Re: [Dovecot] Dotlock dovecot-uidlist errors / NFS / High Load

2011-01-27 Thread Timo Sirainen
On Tue, 2011-01-25 at 12:34 -0600, l...@airstreamcomm.net wrote:
 
 Jan 25 11:30:11 1295976611 POP3(4eagles): Warning: Created dotlock file's
 timestamp is different than current time (1295976643 vs 1295976607):
 /mail/4/e/4eagles/Maildir/dovecot-uidlist
 
 We added the epoch time to the log_timestamp setting to compare it to the
 dotlock error, and as you can see the Created dotlock epoch time is 32
 seconds in the future compared to the epoch time of the log event.  At this
 point I hope you can help us understand where a timestamp from the future
 might be generated from. 

The first timestamp comes from the .lock file's ctime as reported by
fstat(). If that's in the future, then the possibilities are:

a) Bug in the kernel's NFS client code (unlikely)
b) Bug in NFS server reporting or setting wrong ctime
c) NFS server's clock went into future

No possibility of it being Dovecot's fault anymore.

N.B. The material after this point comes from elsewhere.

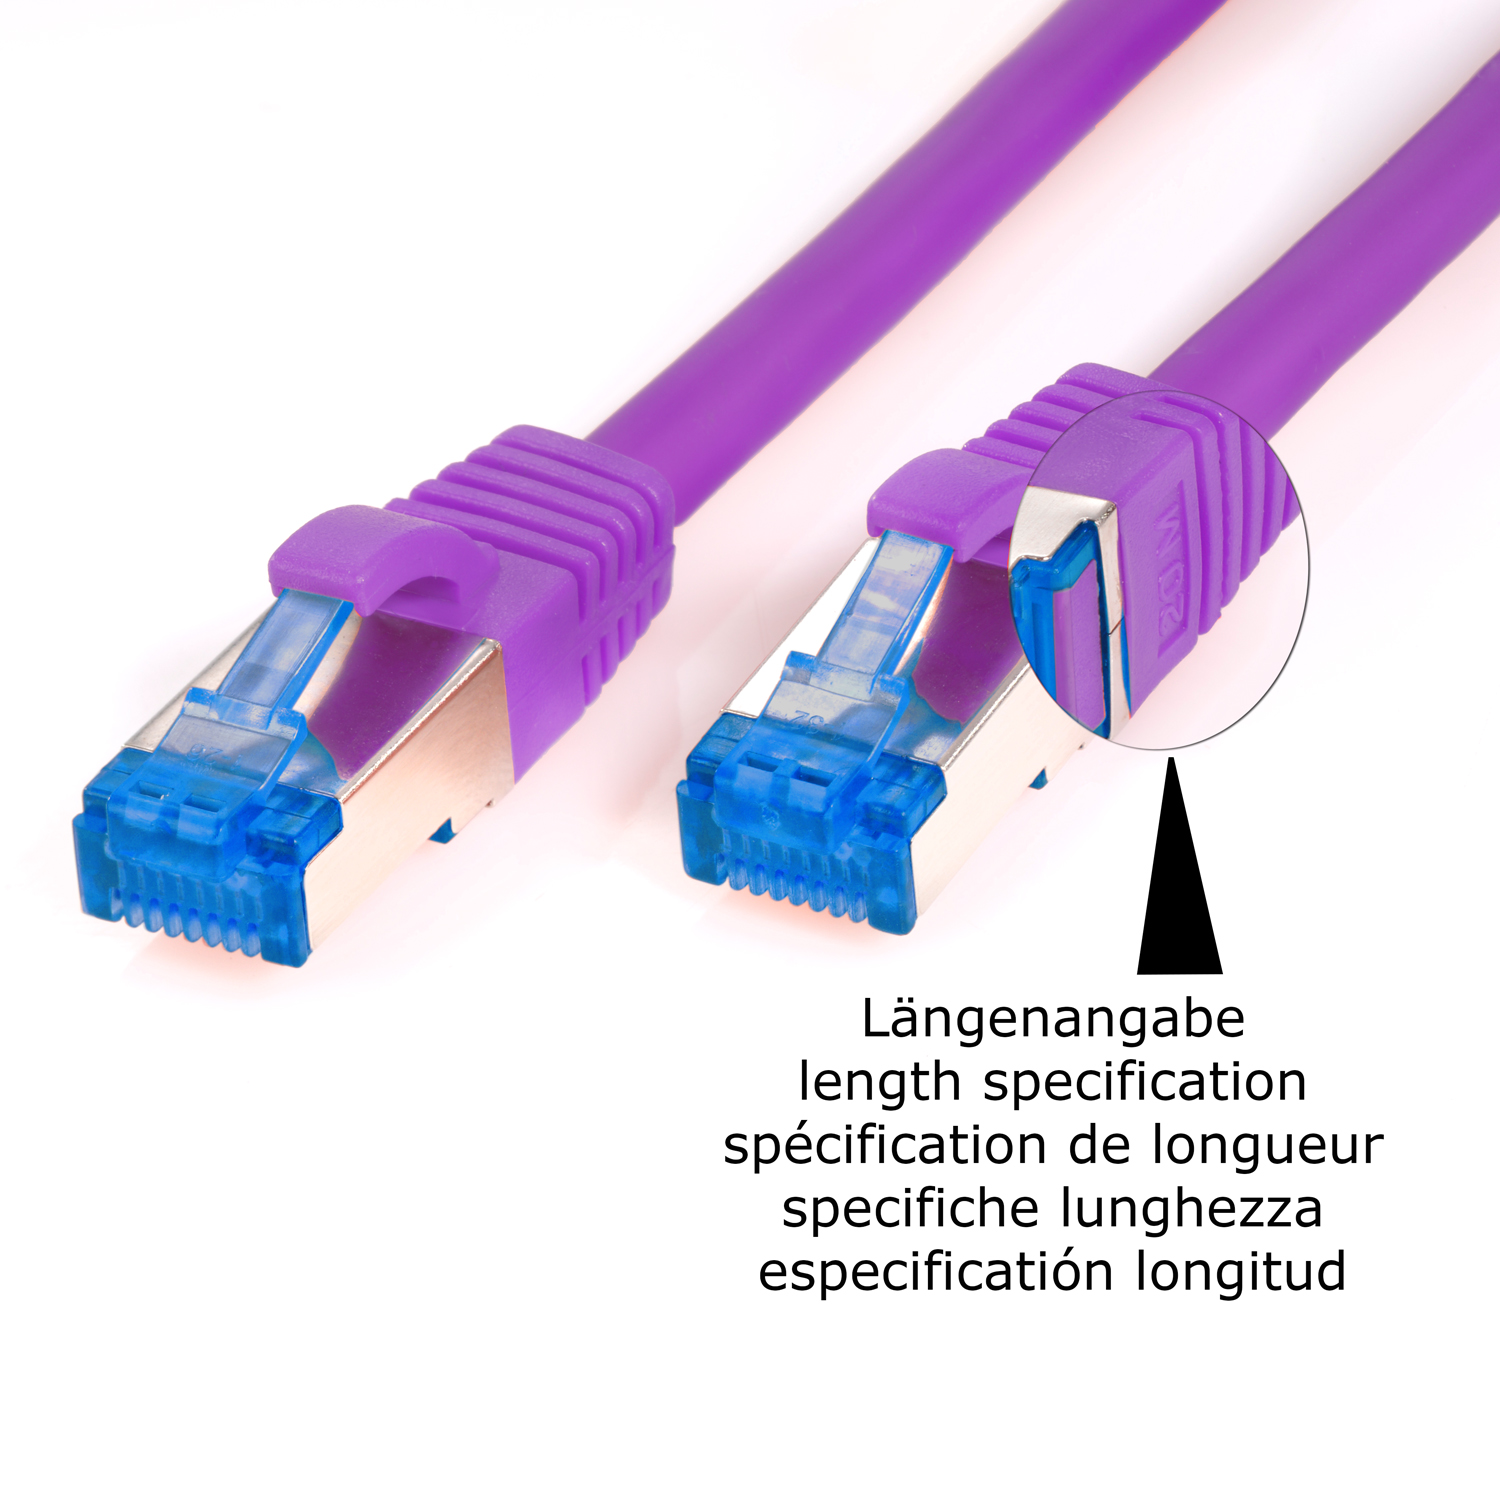 Patchkabel / Netzwerkkabel, violett, 10GBit, 10m m S/FTP 10 Netzwerkkabel TPFNET
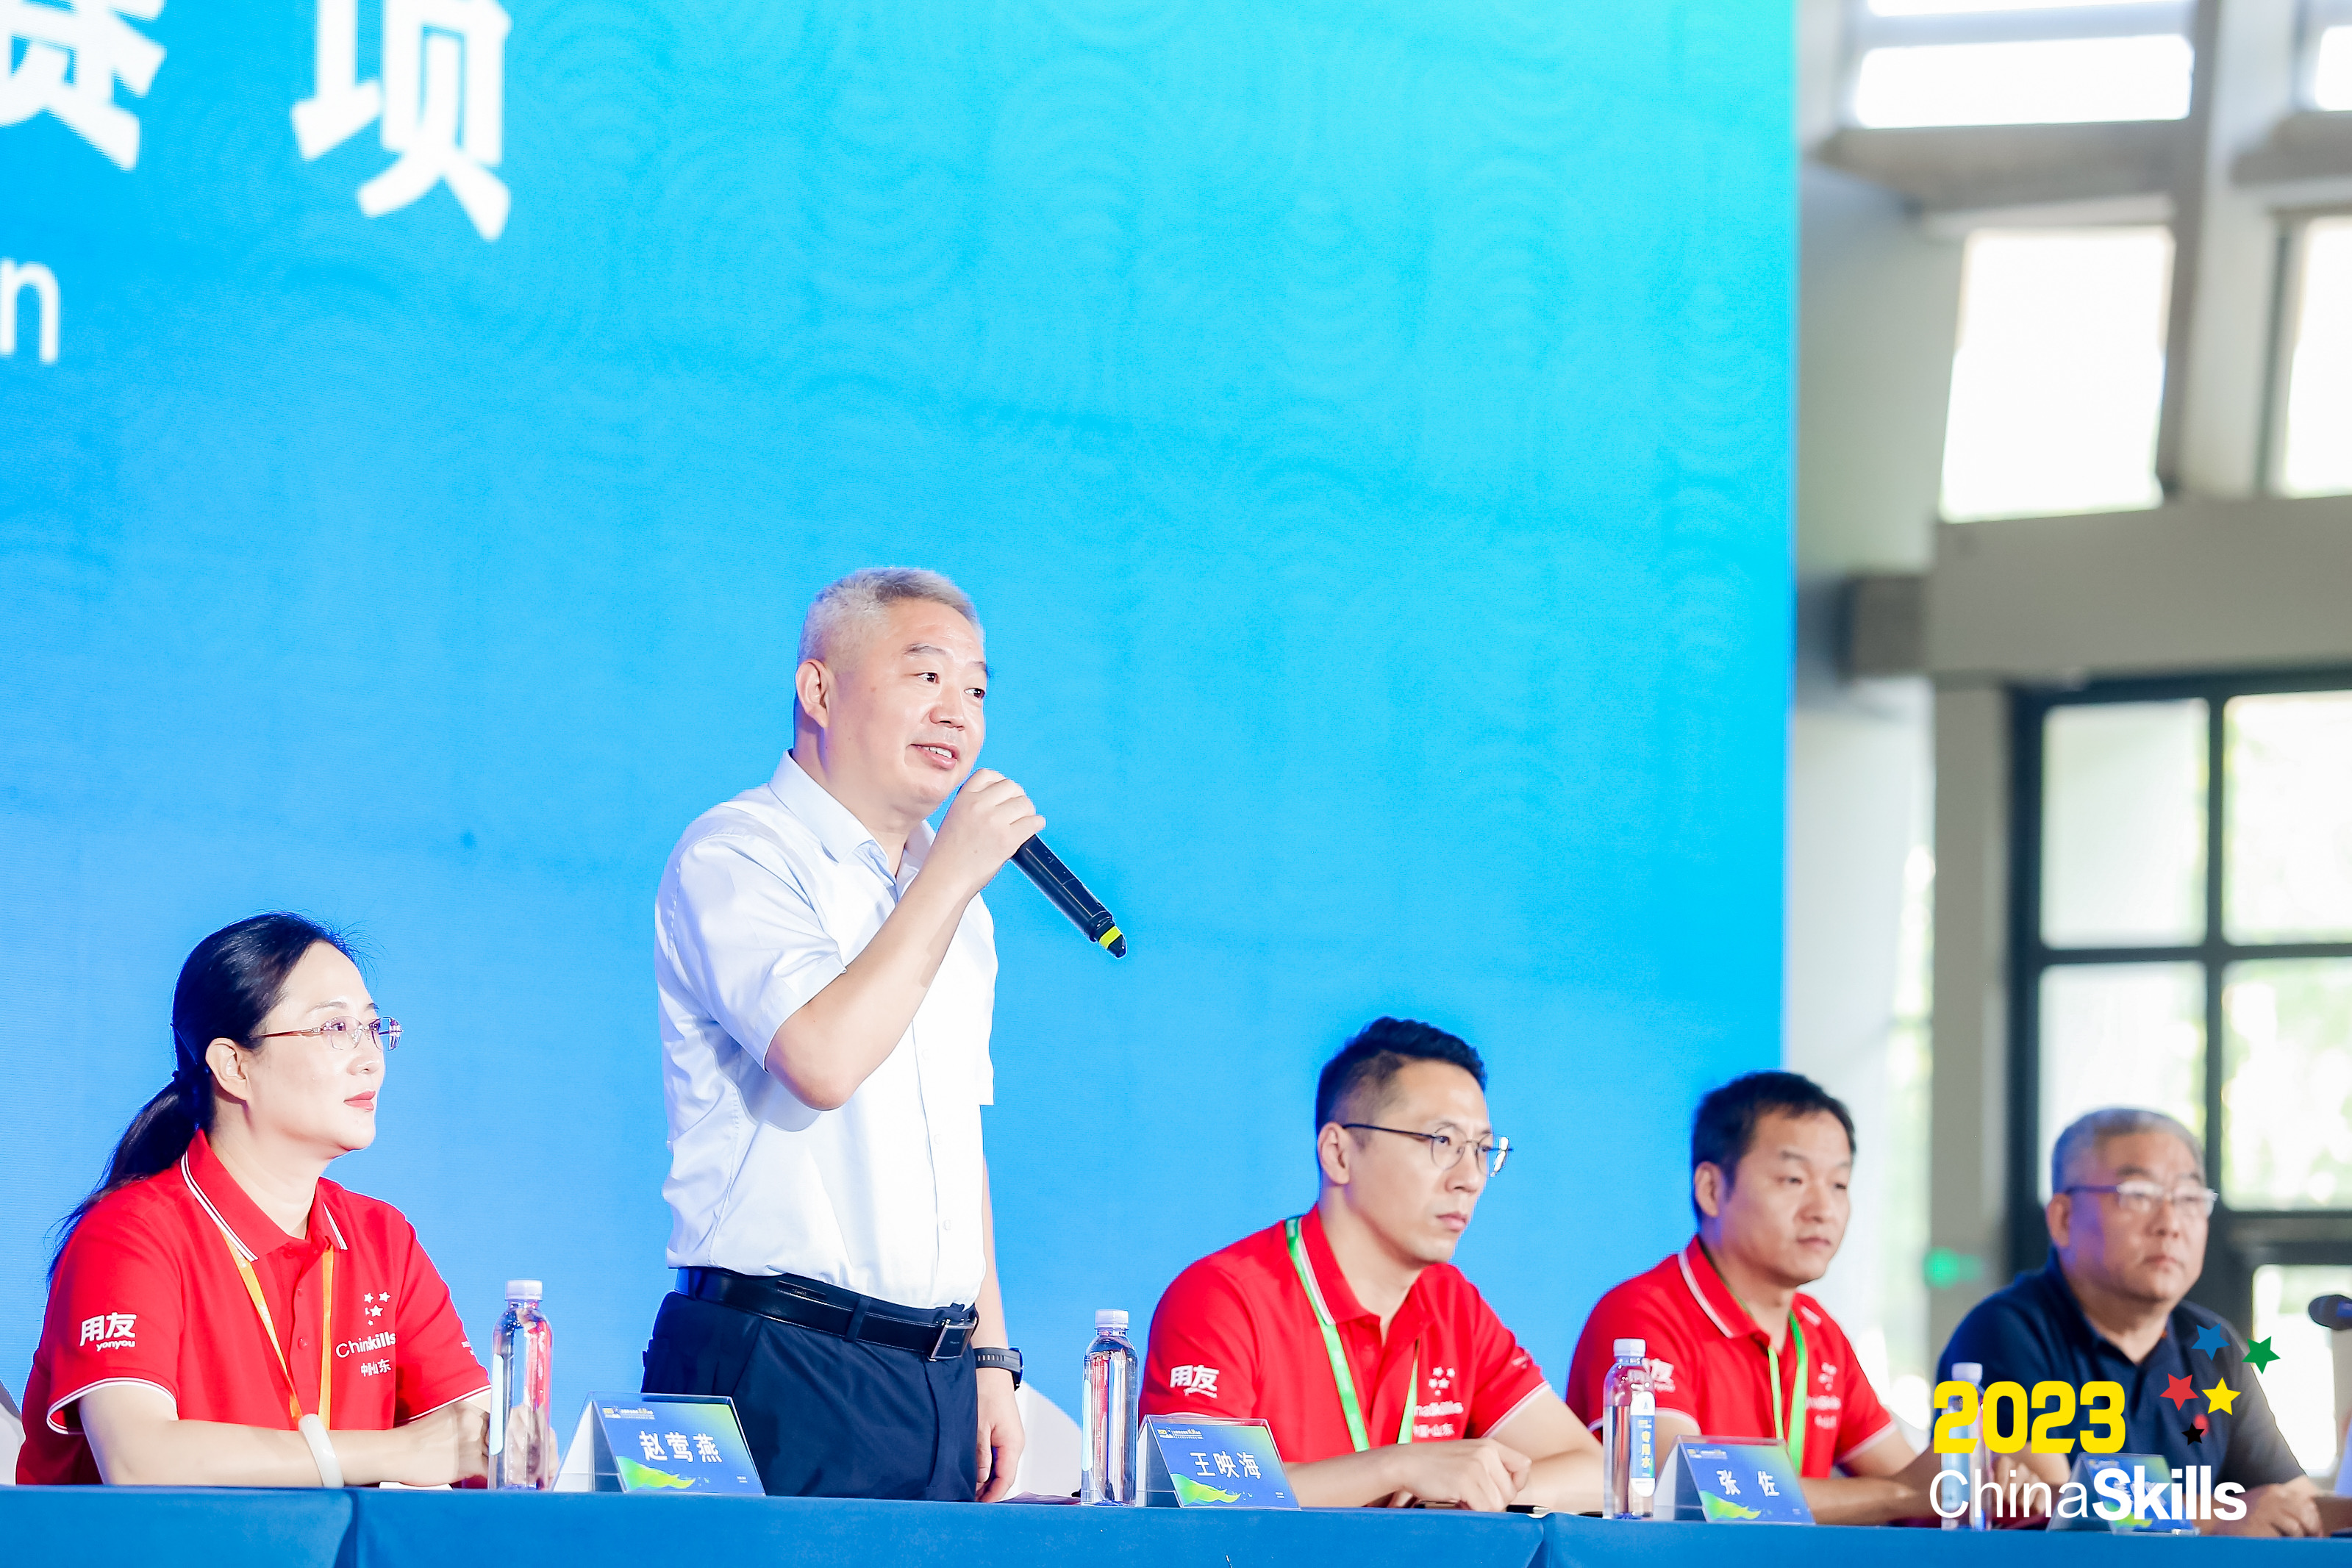 临沂市政府党组成员、副市长王映海出席开赛式并宣布比赛正式开始

Re: [Dovecot] Dotlock dovecot-uidlist errors / NFS / High Load

2011-01-25 Thread list
On Tue, 25 Jan 2011 01:11:53 +0200, Timo Sirainen t...@iki.fi wrote:
 On 25.1.2011, at 1.06, l...@airstreamcomm.net wrote:
 
 Multi-server setup that tries to flush NFS caches:
 
 dotlock_use_excl = no # only needed with NFSv2, NFSv3+ supports O_EXCL
 and
 it's faster
 
 You're probably using NFSv3, right? Then this isn't needed.
 
 Also not the tries word. It doesn't work perfectly, although in your
 case it seems to be working than expected. Still, these NFS problems are
 the reason I created director: http://wiki2.dovecot.org/Director

We are using NFSv3, and for five months the system worked with four
dovecot servers and three postfix servers all accessing the same NFS server
simultaneously.  We cannot pick out a change in our network or on the
virtual environment that our machines resides that would have impacted the
system this drastically.  We have also confirmed that our clocks on all
systems accessing the NFS server and the NFS server itself are within 1
second of each other.  It's confounding us why the logs show such strange
time stamps:

Jan 25 11:30:11 1295976611 POP3(4eagles): Warning: Created dotlock file's
timestamp is different than current time (1295976643 vs 1295976607):
/mail/4/e/4eagles/Maildir/dovecot-uidlist

We added the epoch time to the log_timestamp setting to compare it to the
dotlock error, and as you can see the Created dotlock epoch time is 32
seconds in the future compared to the epoch time of the log event.  At this
point I hope you can help us understand where a timestamp from the future
might be generated from.

As for the director, we will be considering the option after doing some
heavy testing.

Thanks,

Michael



Re: [Dovecot] Dotlock dovecot-uidlist errors / NFS / High Load

2011-01-24 Thread list
Timo,

Thanks for the quick reply!  We are building an rpm with the patch and
will test this week and report back with our findings.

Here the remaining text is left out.